The electric resistor 1 has an electric resistivity of 0.0001 Ω ・ m or more and 1 Ω ・ m or less and an electric resistance increase rate of 0 / K or more and 5.0 × 10 ^{-4 in} a temperature range of 25 ° C. to 500 ° C. It is good that it is / K or less. According to this configuration, since the temperature dependence of the electric resistor 1 is small, it is possible to obtain the electric resistor 1 in which a temperature distribution is unlikely to occur during energization heating and cracks due to thermal expansion and contraction are unlikely to occur. Further, according to the above configuration, since the electric resistor 1 can be heated at a lower temperature at an early stage during energization heating, the material of the honeycomb structure is required to be heated at an early stage for the early activation of the catalyst. It is useful as.

The electrical resistivity of the electric resistor 1 varies depending on the required specifications of the system using the electric resistor 1, but from the viewpoint of reducing the electric resistance of the electric resistor 1, for example, it is preferably 0.5 Ω · m. Hereinafter, it can be more preferably 0.1 Ω · m or less, still more preferably 0.05 Ω · m or less. The electrical resistivity of the electric resistor 1 is preferably 0.0002 Ω · m or more, more preferably 0.0005 Ω · m or more, still more preferably 0.001 Ω, from the viewpoint of increasing the amount of heat generated during energization heating.・ It can be m or more.

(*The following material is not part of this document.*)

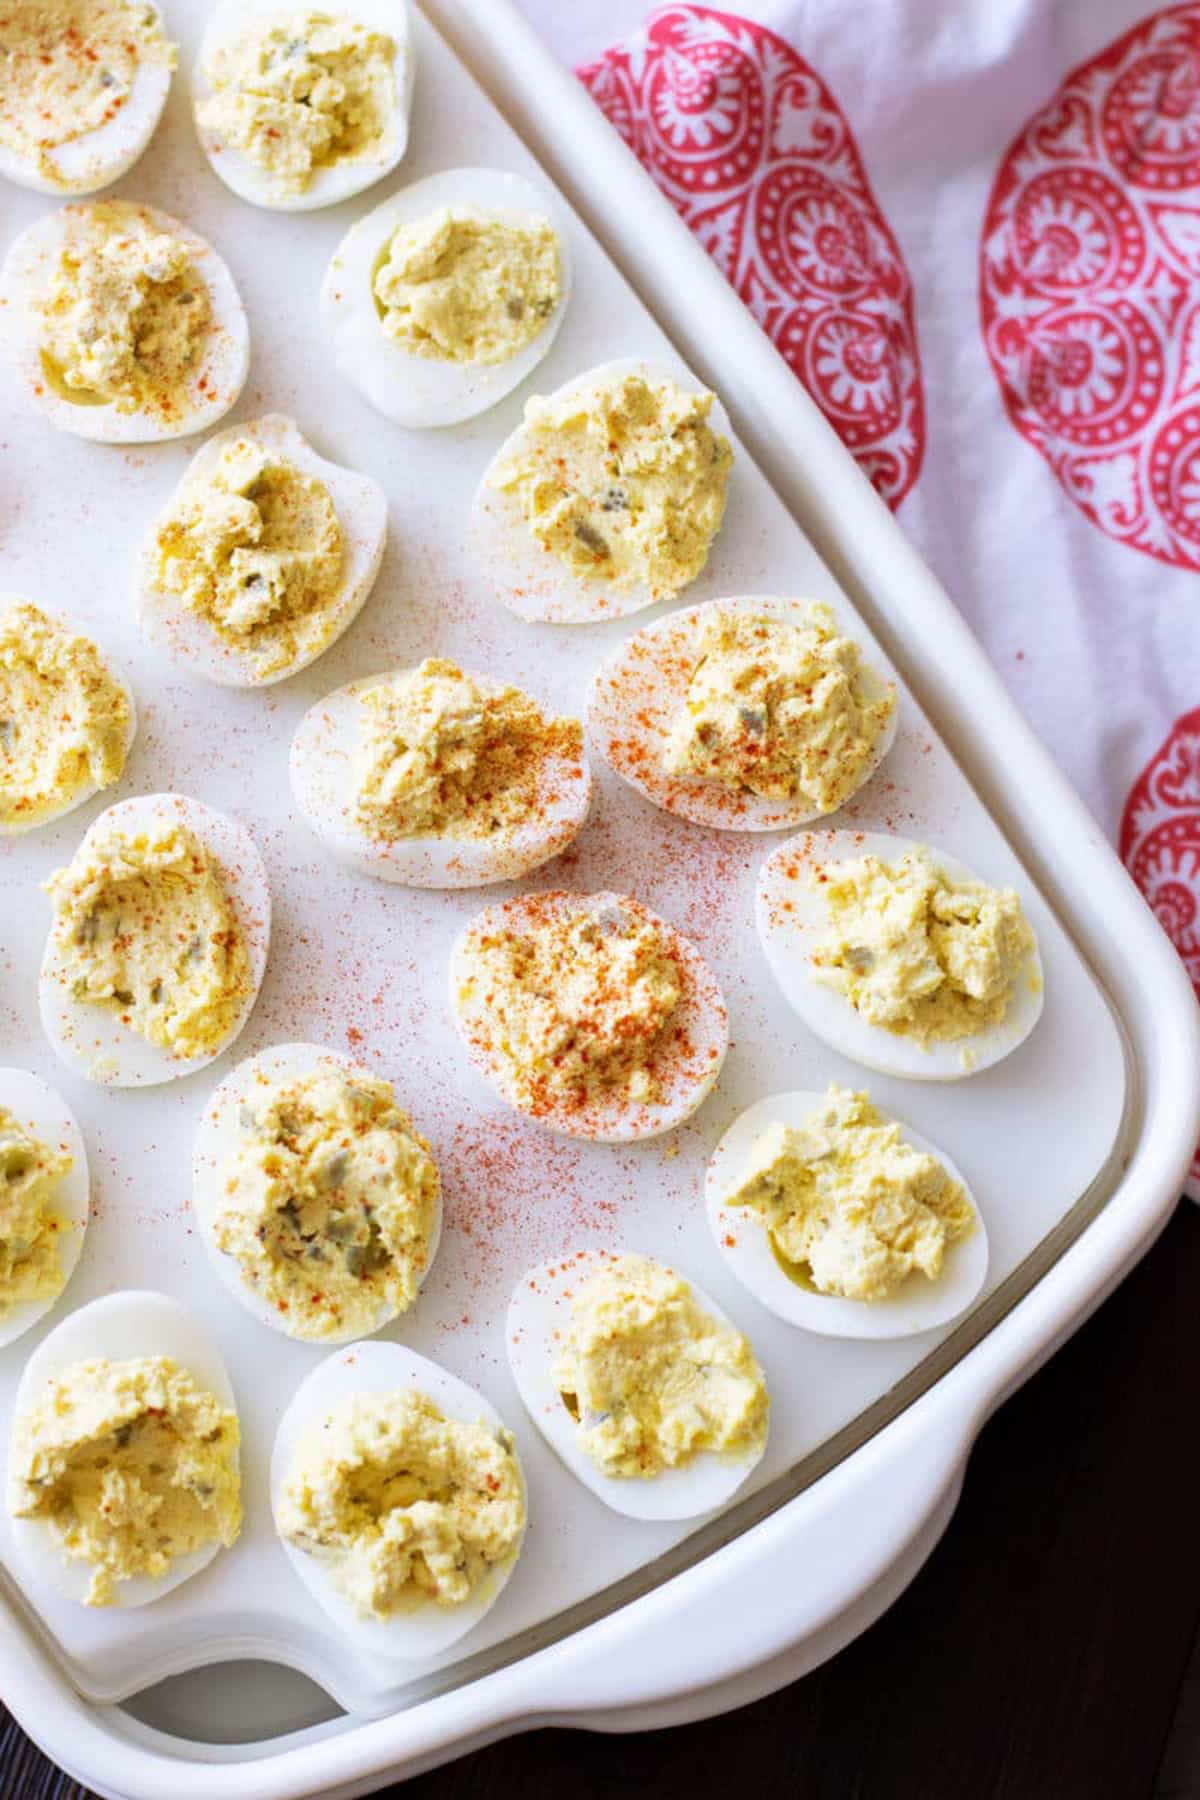 Platter containing 24 deviled eggs sopped with paprika. 
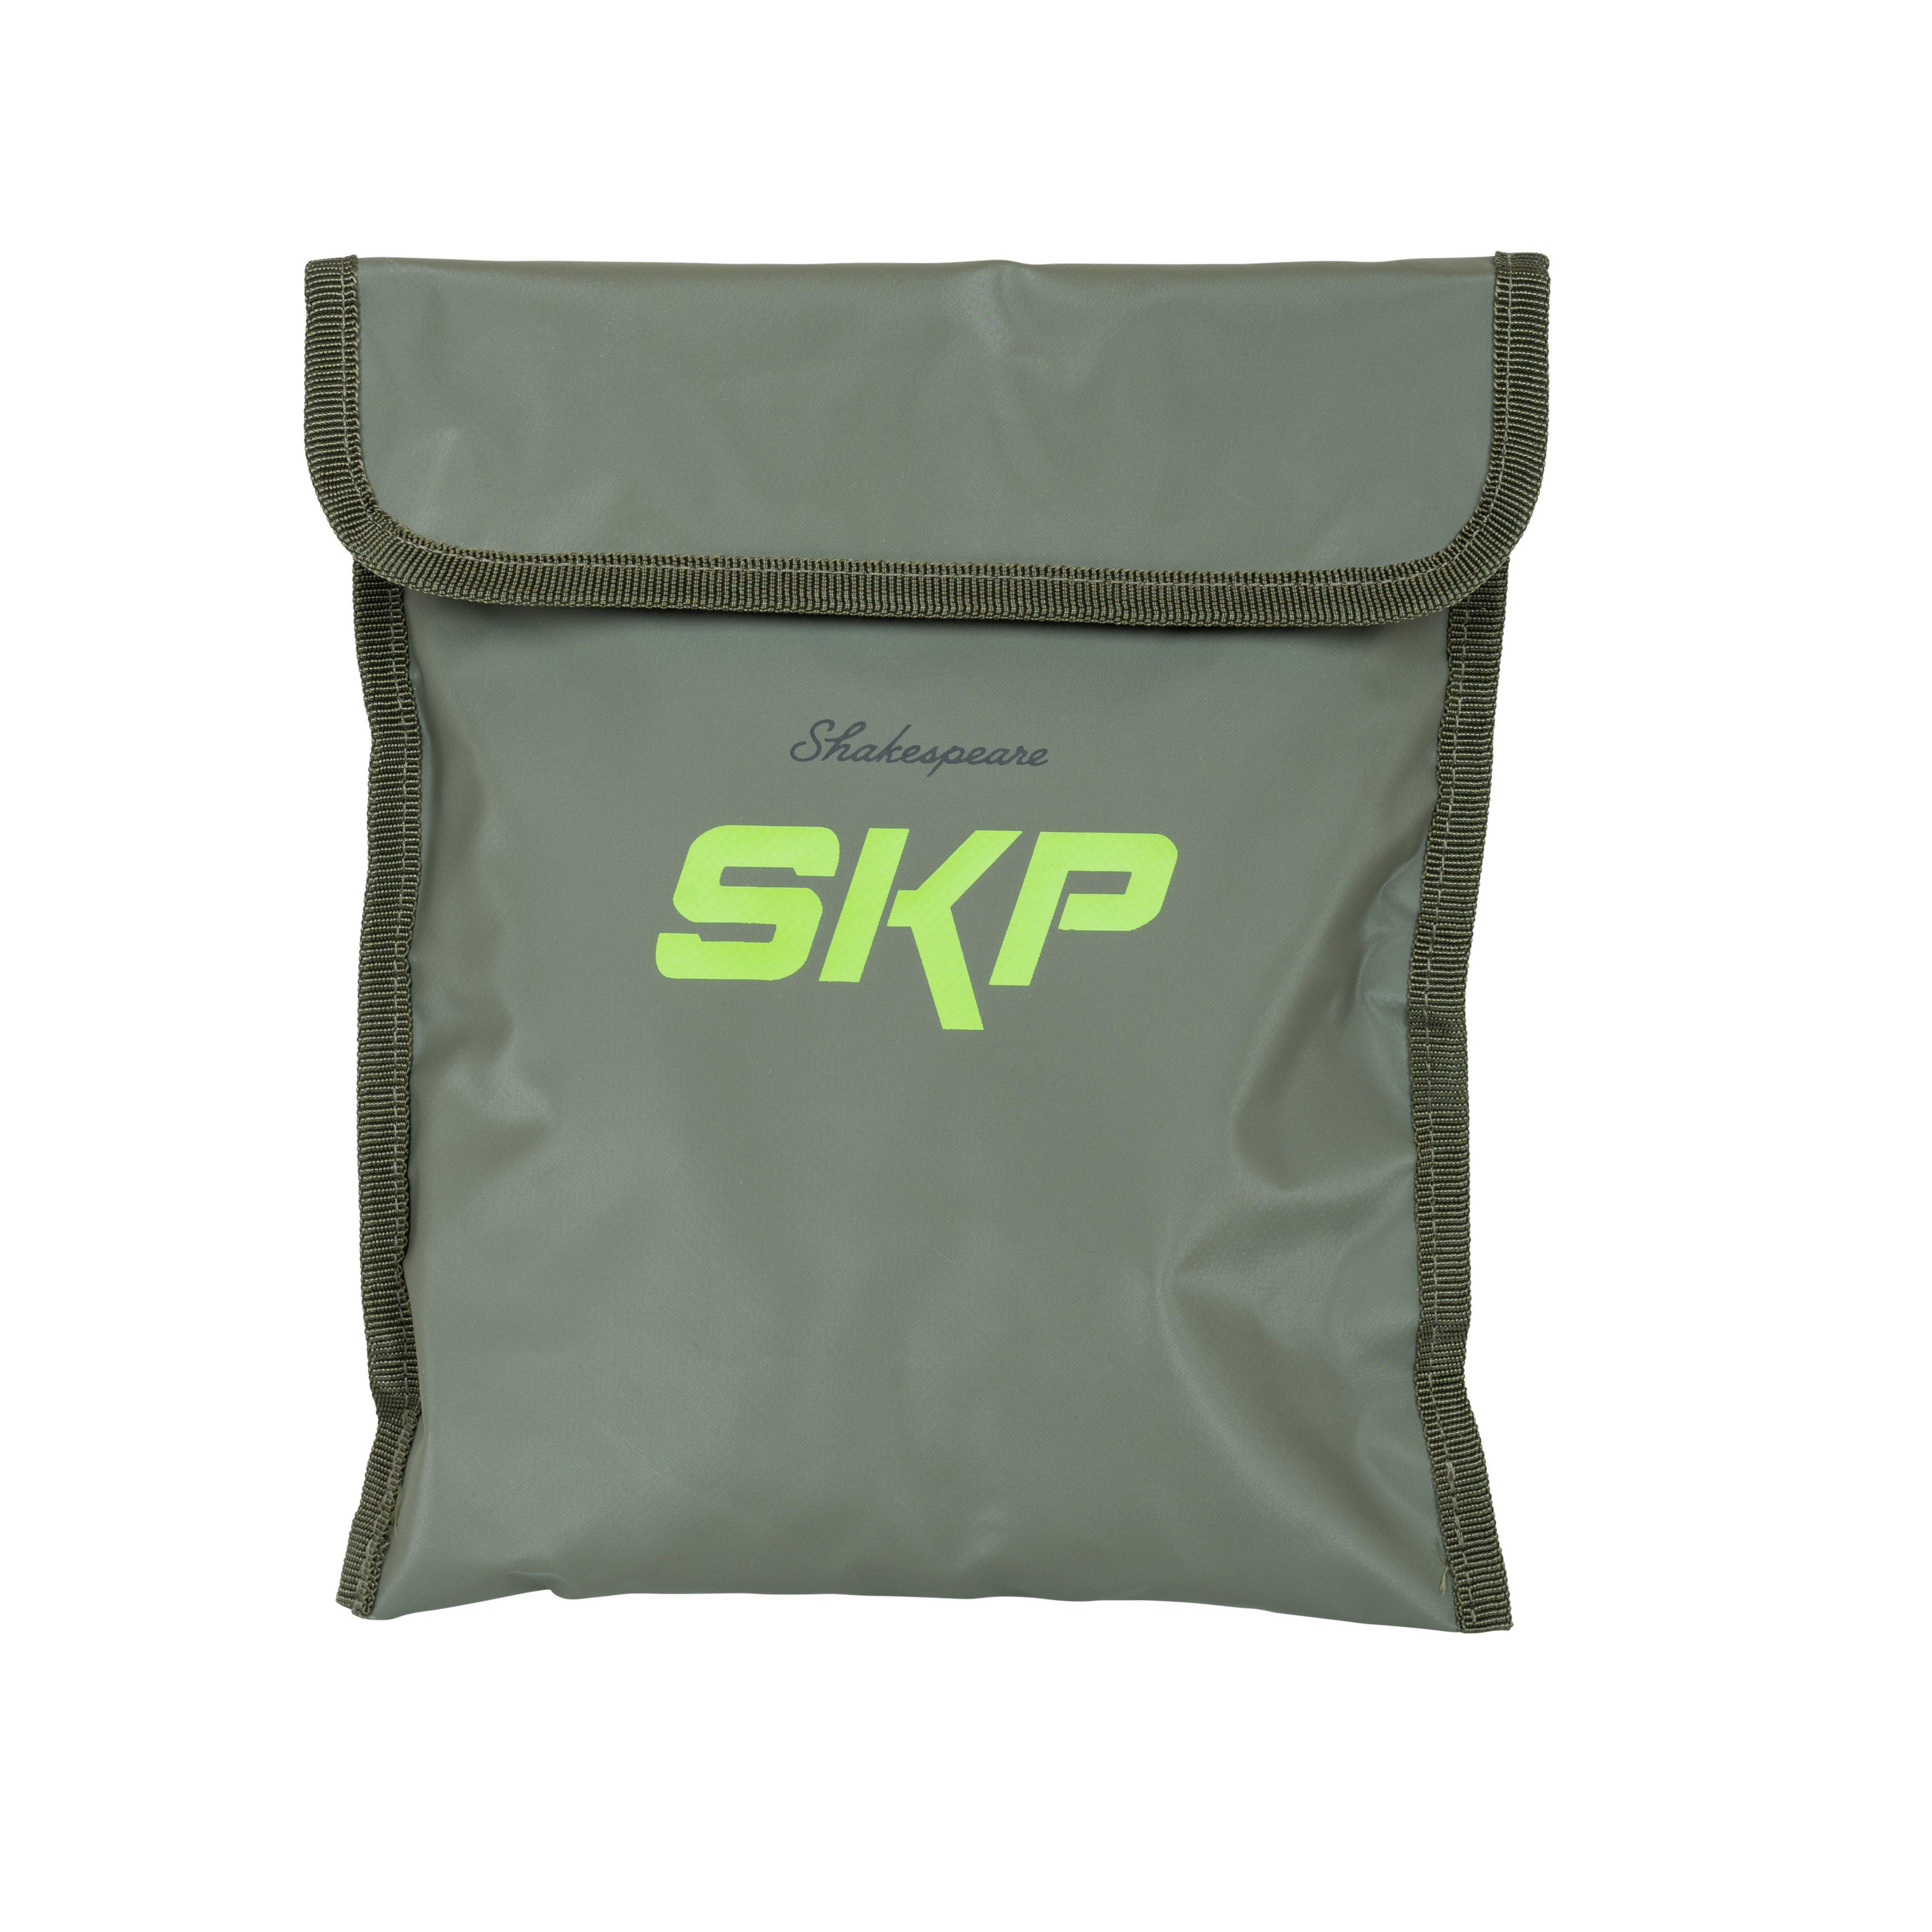 Shakespeare SKP Weigh and Retention Sling - Weigh & Retention Sling M

The rate of increase in electrical resistance of the electrical resistor 1 is preferably 0.001 × ^10-6 / K or more, more preferably 0.01 × 10 from the viewpoint of facilitating the suppression of temperature distribution by energization heating. ^{It can be -6} / K or more, more preferably 0.1 × 10 ^-6 / K or more. From the viewpoint that the electric resistance increase rate of the electric resistor 1 has an optimum electric resistance value for energization heating in the electric circuit, it is ideal that the electric resistance increase rate does not change, preferably 100 × 10. ^{It can be -6} / K or less, more preferably 10 × 10 ^-6 / K or less, and even more preferably 1 × 10 ^-6 / K or less.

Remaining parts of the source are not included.